Prosper Menière a montré clairement son désaccord avec cette conception de " surdité nerveuse " de G. Kramer, qui pourtant persista encore dans la littérature pendant au moins deux décennies, comme dans le Traité pratique des maladies de l'oreille (39) d'Antonin von Trœltsch (1868). Dans ses commentaires du livre de G. Kramer, l’auriste parisien insistait sur l’importance de la recherche de lésions du labyrinthe ; il faisait état de ses recherches cadavériques sur ce sujet, et rapportait deux observations dont l’une devint célèbre sous une forme quelque peu modifiée. " J’ai vu une jeune fille frappée de surdité complète, absolue, dans le court espace de quelques heures. Voyageant sur une voiture découverte, elle fut exposée, la nuit, à un froid très vif dans le temps de ses règles, et l’ouïe fut perdue sans que les oreilles eussent été le siège de douleurs. La mort, qui survint promptement, me permit de disséquer avec soin les deux temporaux, et je trouvai dans tout le labyrinthe une sorte de lymphe plastique, rougeâtre, qui paraissait le produit d’une exhalation de toutes les surfaces membraneuses tapissant l’oreille interne. Dans un cas analogue, mais qui ne s’était terminé par la mort que beaucoup plus tard (deux mois après la perte de l’ouïe), je trouvai cette même lymphe plastique d’un jaune clair, parsemée d’une multitude de petits points gris, opaques, et ressemblant assez bien à des granulations tuberculeuses commençantes."

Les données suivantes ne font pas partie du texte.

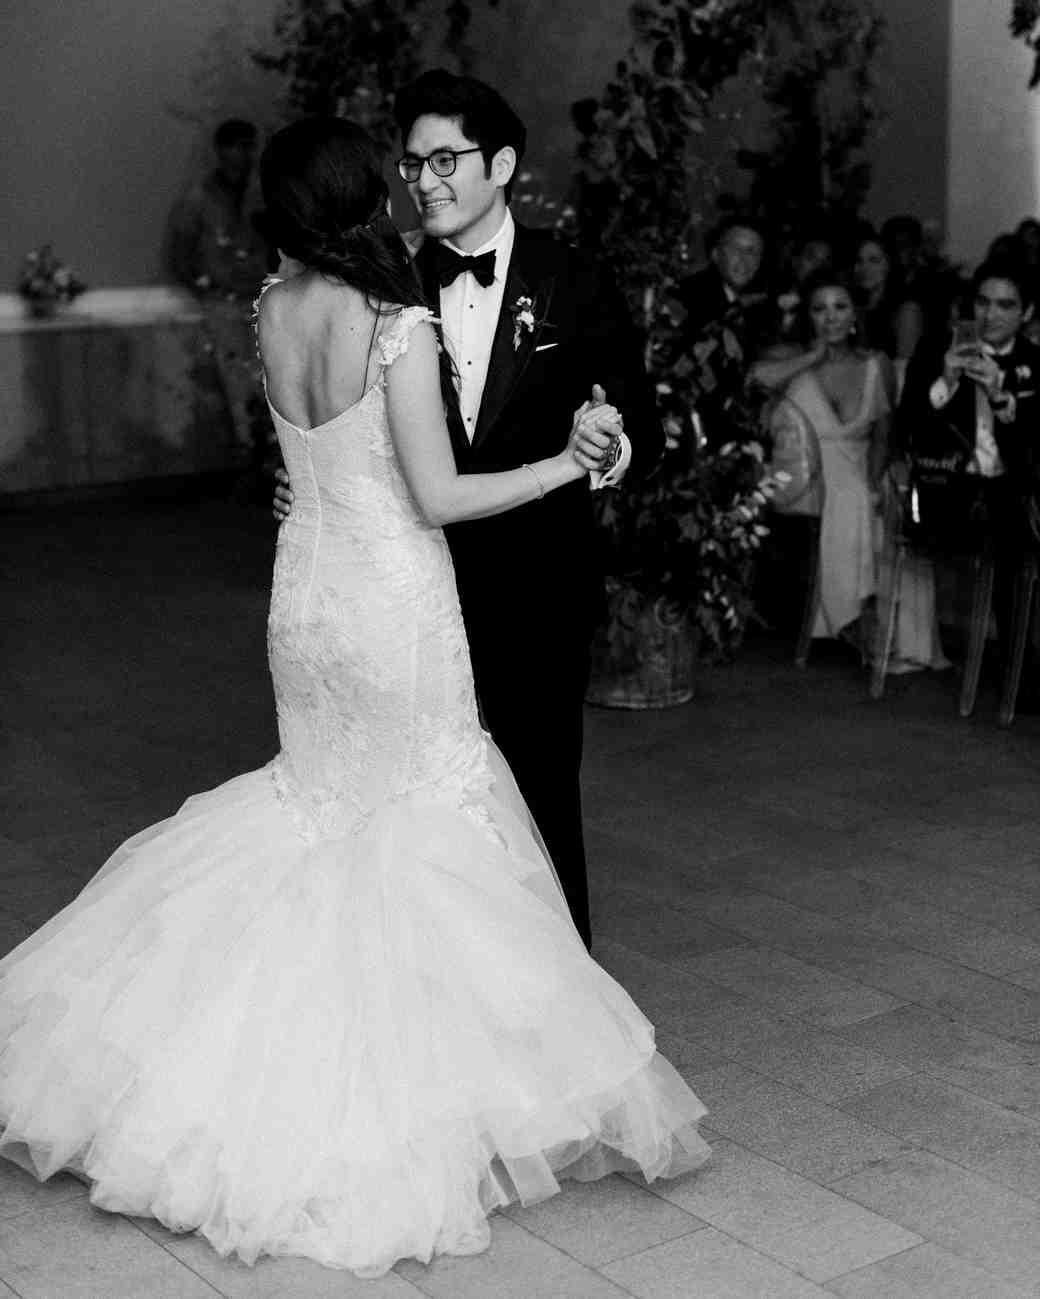 285c6545ded A Romantic Garden Wedding in the Heart of Houston
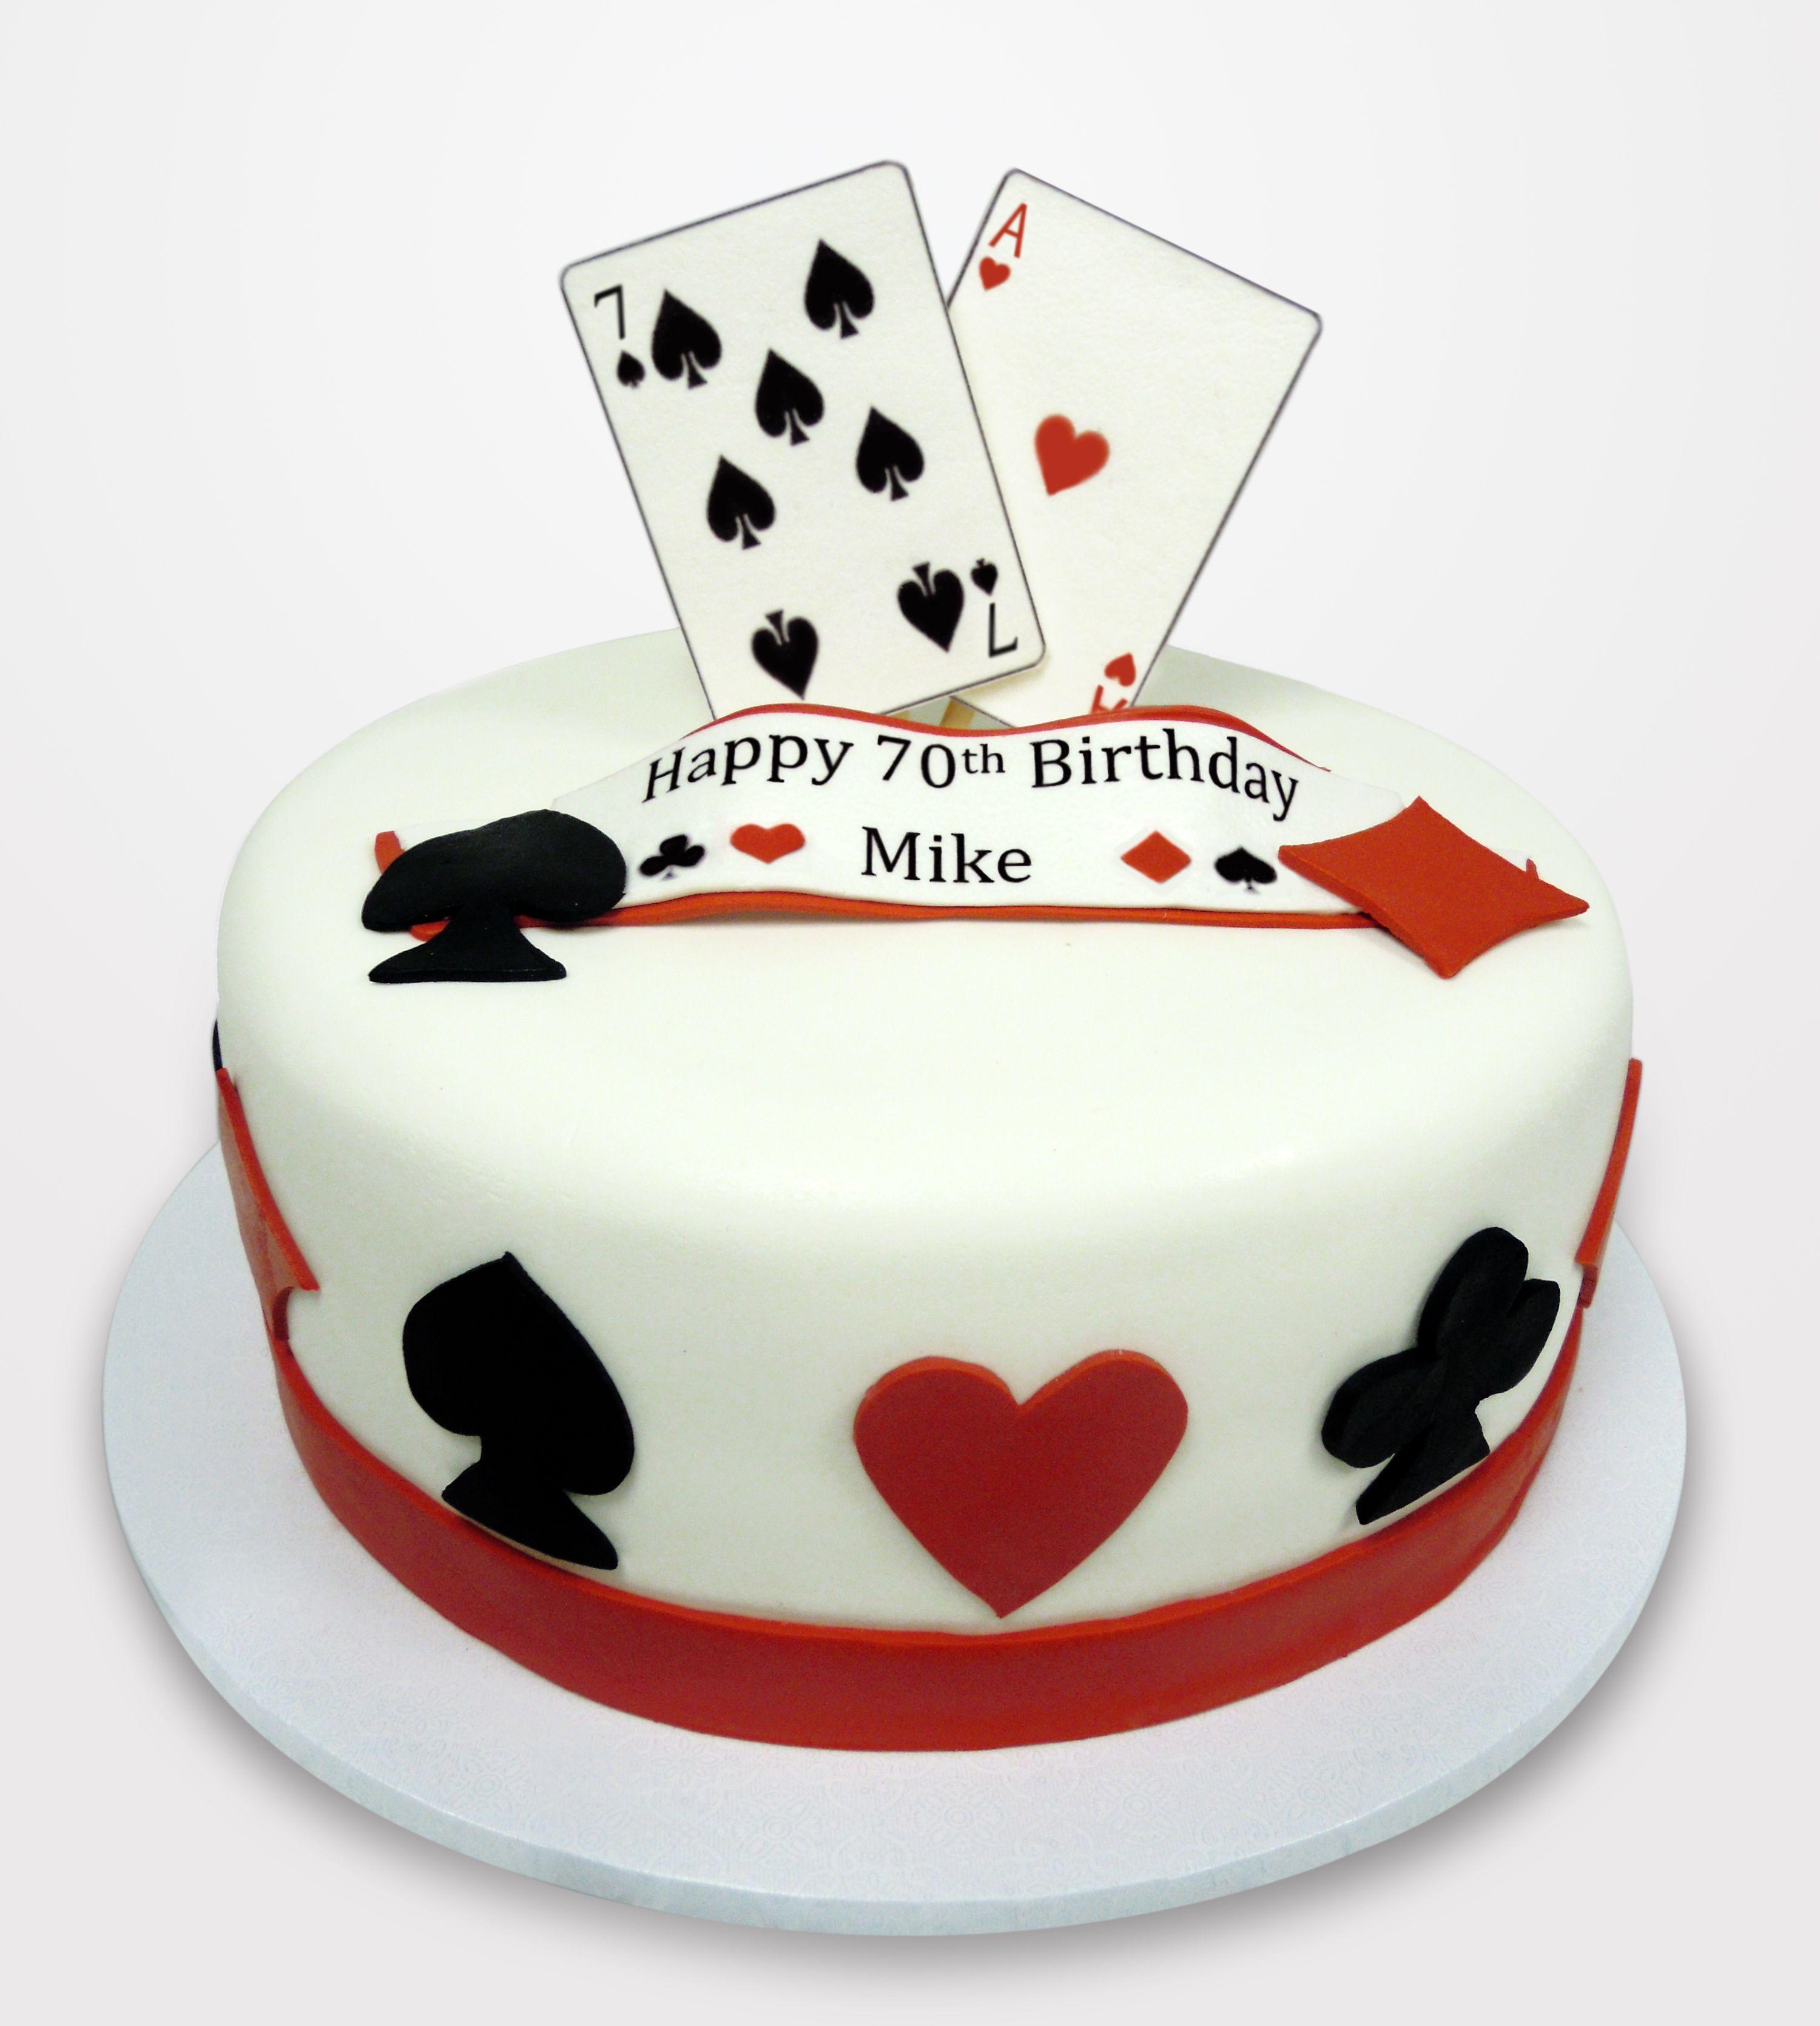 card cake Google Search Cakes Pinterest Poker cake Las

Ces études cadavériques permettaient à Prosper Menière de démanteler les surdités dites nerveuses dont le diagnostic masquait l’ignorance. Il ajoutait à propos de G. Kramer : " Il y a peu de temps encore, ce praticien regardait la plupart des maladies de l’oreille comme nerveuses ; selon lui, plus de cinquante pour cent appartenaient à cette classe ; il soutenait cette opinion avec énergie, malgré les preuves contraires avancées par d’autres médecins. Aujourd’hui, grâce à l’étude attentive de l’anatomie pathologique, aux enseignements de laquelle il faut se rendre à la longue, il admet que le nombre des surdités nerveuses n’est en réalité que de 4 pour mille." Le rôle de Prosper Menière a certainement été très important, par ses commentaires du Traité de G. Kramer, pour faire évoluer les idées.

 Les vertiges

La notion de vertige est très ancienne. François Boissier de Sauvages le décrivait dans sa Nosologie Méthodique parue en latin en 1763 et traduite en 1771 (1) comme " une hallucination qui nous fait paraître que les objets, quoique tranquilles et fixes dans leur place, se meuvent et décrivent un cercle, le malade croit lui-même qu’il vacille dans son lit." Il les mettaient dans la " classe des folies ", dans l'ordre I avec " la berlue, la bévue, le tintouin" "Les égarements ou les erreurs de l'esprit doivent naître du vice d'un organe qui est hors du cerveau, d'où vient l'erreur de l'imagination." Il expliquait le symptôme vertigineux par un mouvement rétrograde du sang dans les artérioles de la rétine. "Un mouvement semblable excite dans les oreilles un tintement ou un sifflement ; les vertigineux ne doivent pas être surpris s'ils ont si souvent des tintements d'oreille puisque par le même principe, le sang rétrograde dans les oreilles et la rétine." Il distinguait les vertiges " stomachique, hystérique, pléthorique." "Si la pléthore est considérable et que le cerveau soit faible, un vertige un peu fort peut être suivi d'une apoplexie, de l'épilepsie ou d'une autre affection grave." Ces notions ont perduré pendant près d'un siècle. Elles incitaient les cliniciens à ne pas s'étonner de l'association vertiges et symptômes auriculaires.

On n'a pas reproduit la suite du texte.